__TASK REQUIREMENTS__
Write out again the lines from the line with "SAH, Lesja prestekontor, Ministerialbok" up to and including the line with "Hornby Dublo Green", exactly as they stand below, and skip any picture.

--- TASK DATA Enclosed Below ---

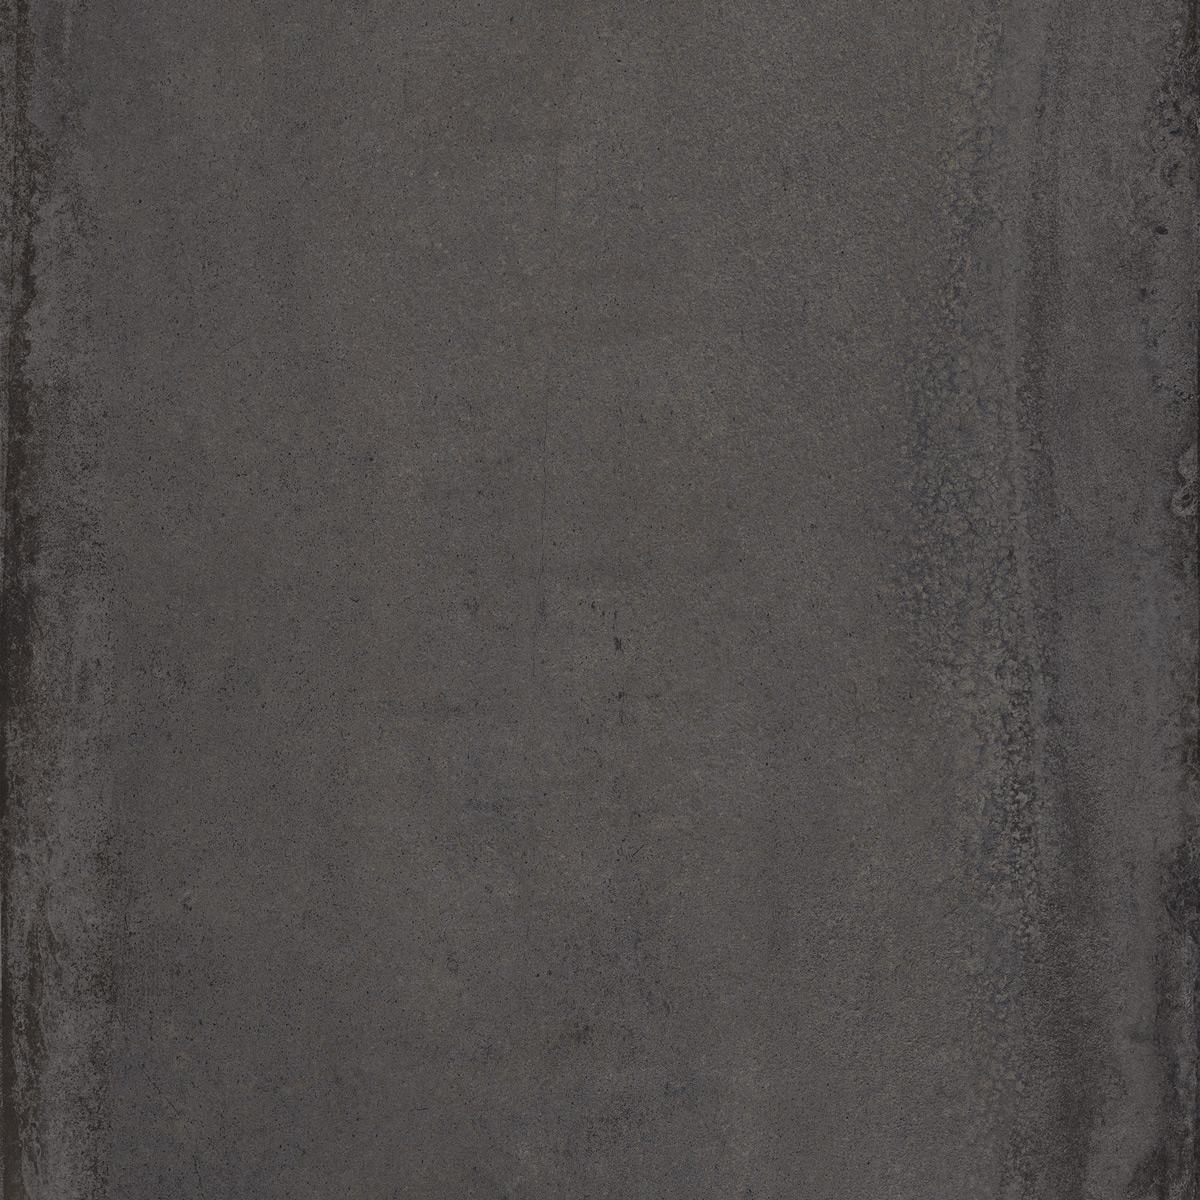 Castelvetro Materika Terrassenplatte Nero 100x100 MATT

--- End of Enclosed TASK DATA ---
--- TASK DATA Enclosed Below ---

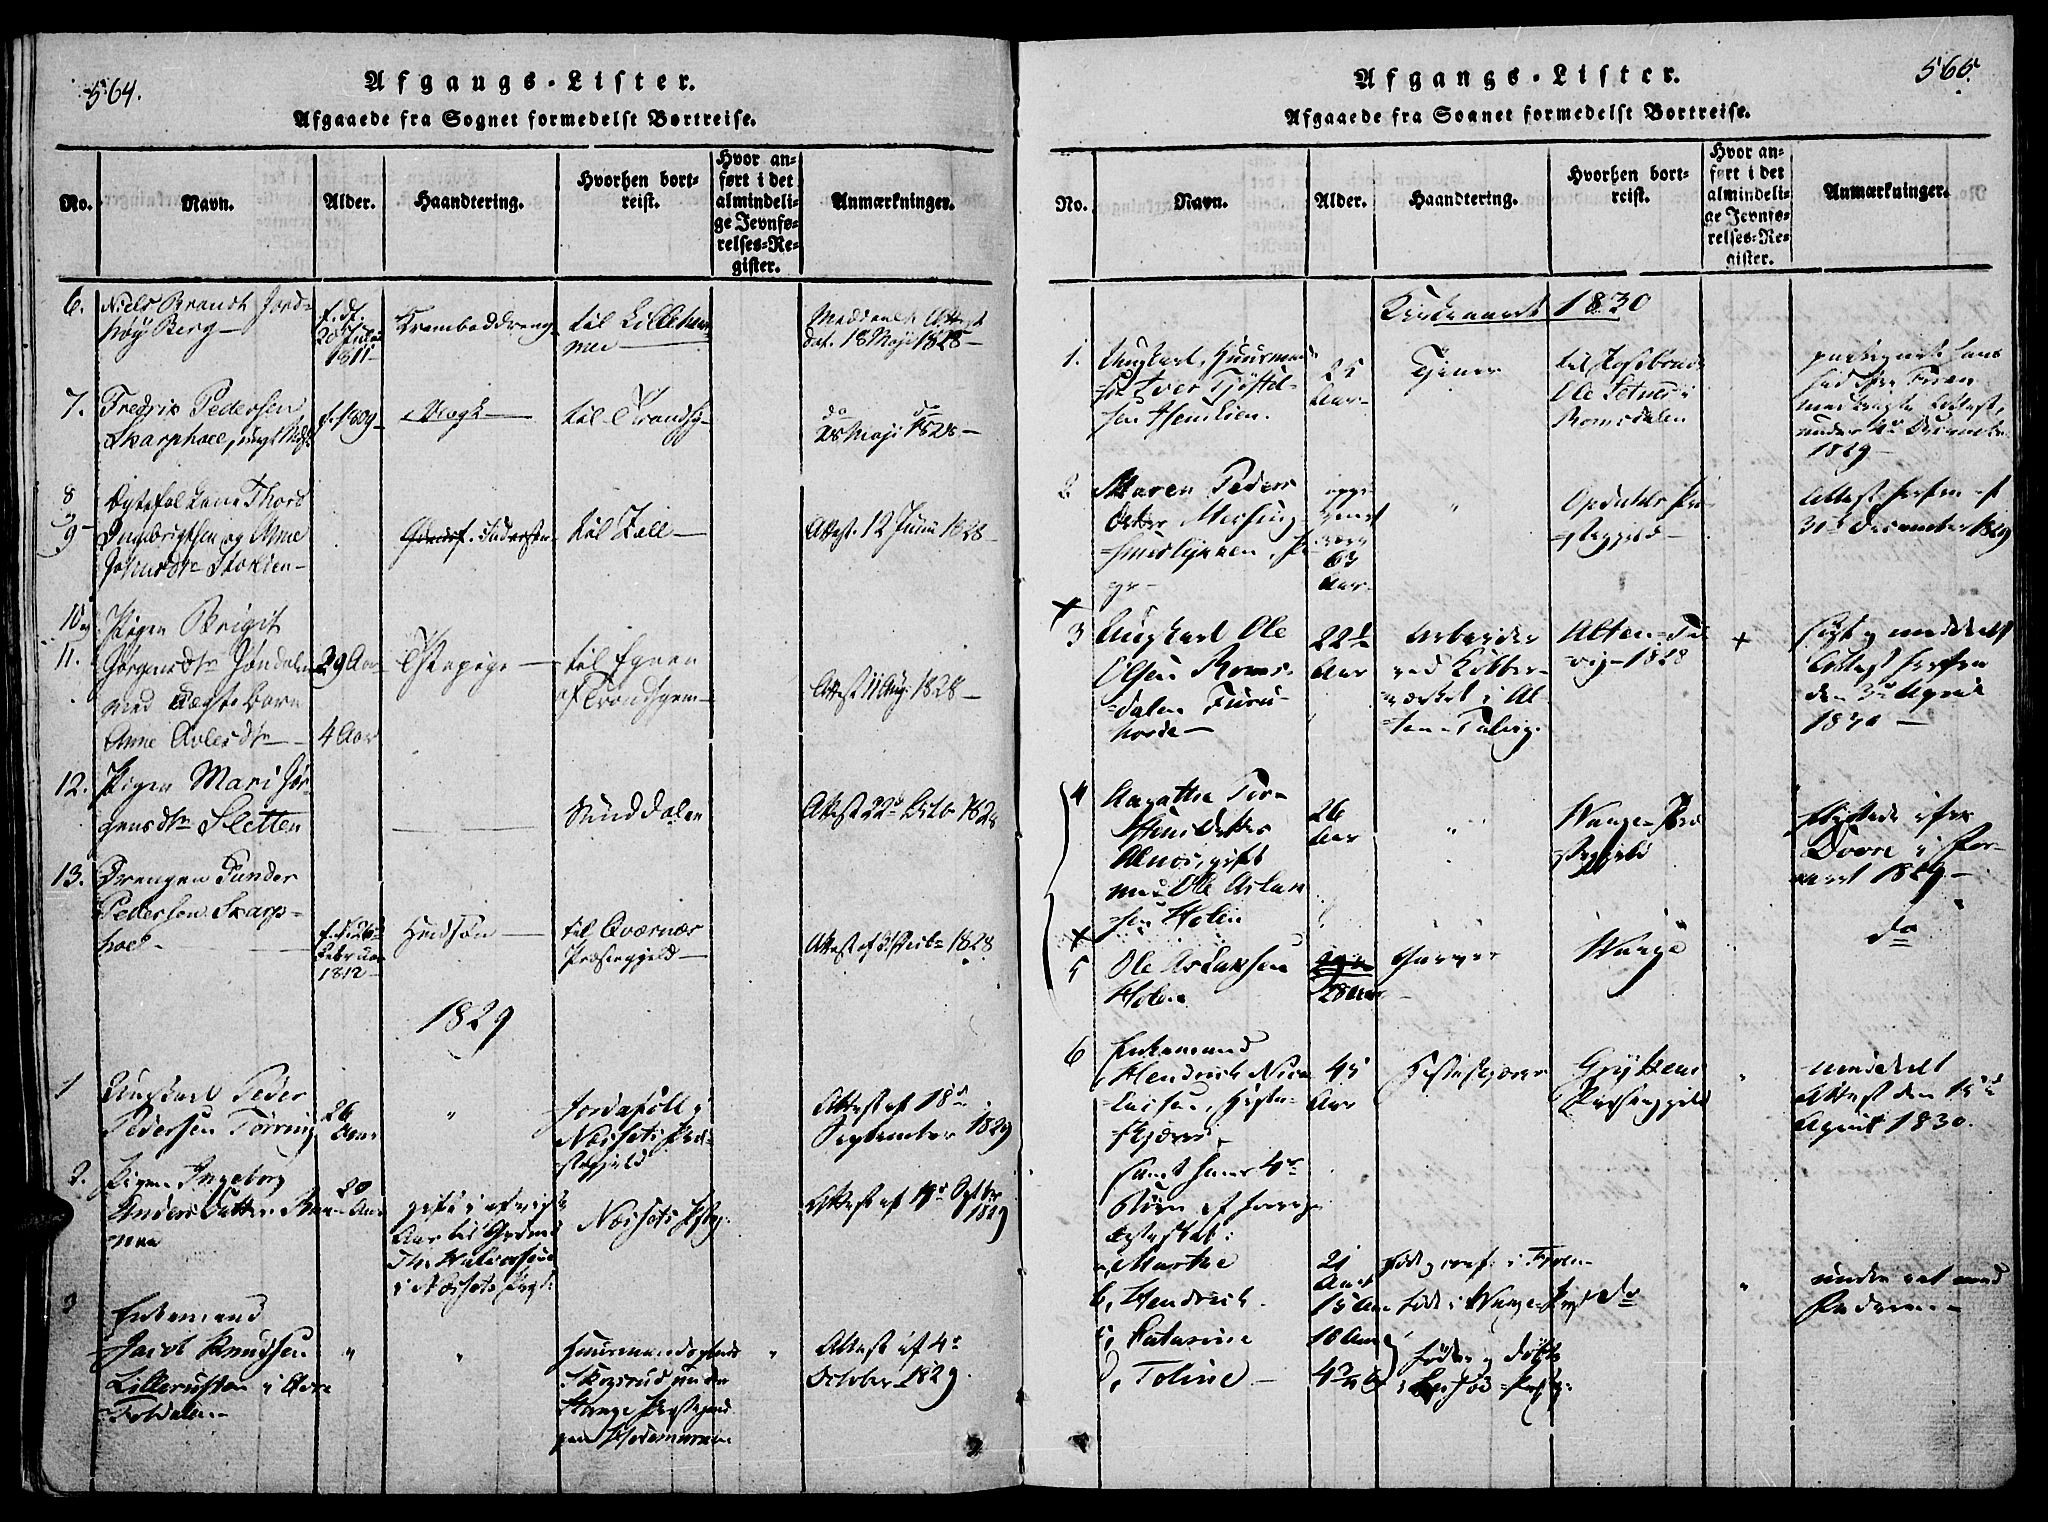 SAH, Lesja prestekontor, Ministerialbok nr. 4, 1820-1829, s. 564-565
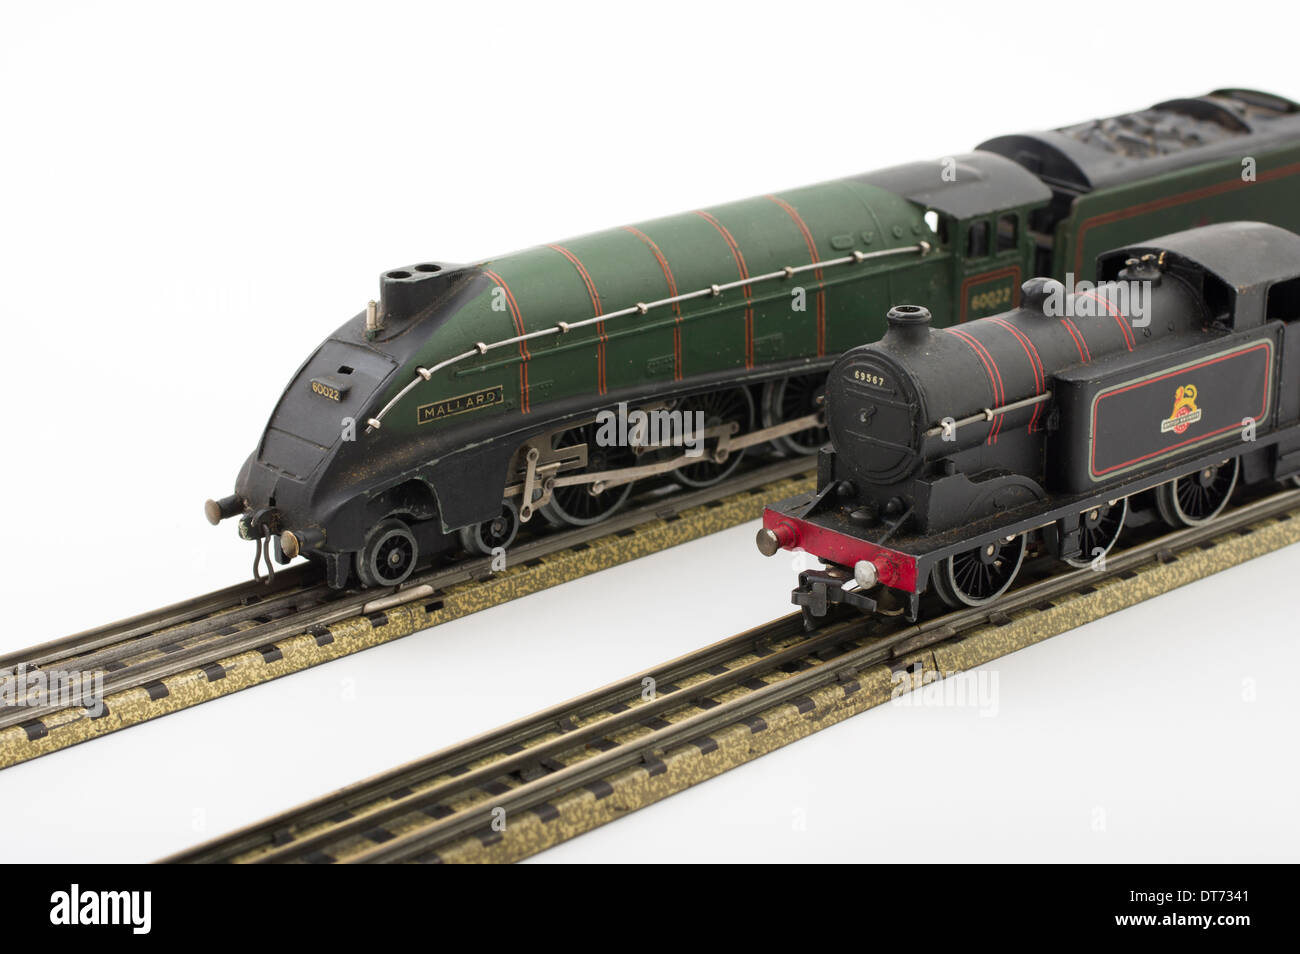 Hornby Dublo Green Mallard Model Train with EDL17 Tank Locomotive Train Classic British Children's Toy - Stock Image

--- End of Enclosed TASK DATA ---

__REPLY TO THE EXERCISE__
 SAH, Lesja prestekontor, Ministerialbok nr. 4, 1820-1829, s. 564-565
 Hornby Dublo Green Mallard Model Train with EDL17 Tank Locomotive Train Classic British Children's Toy - Stock Image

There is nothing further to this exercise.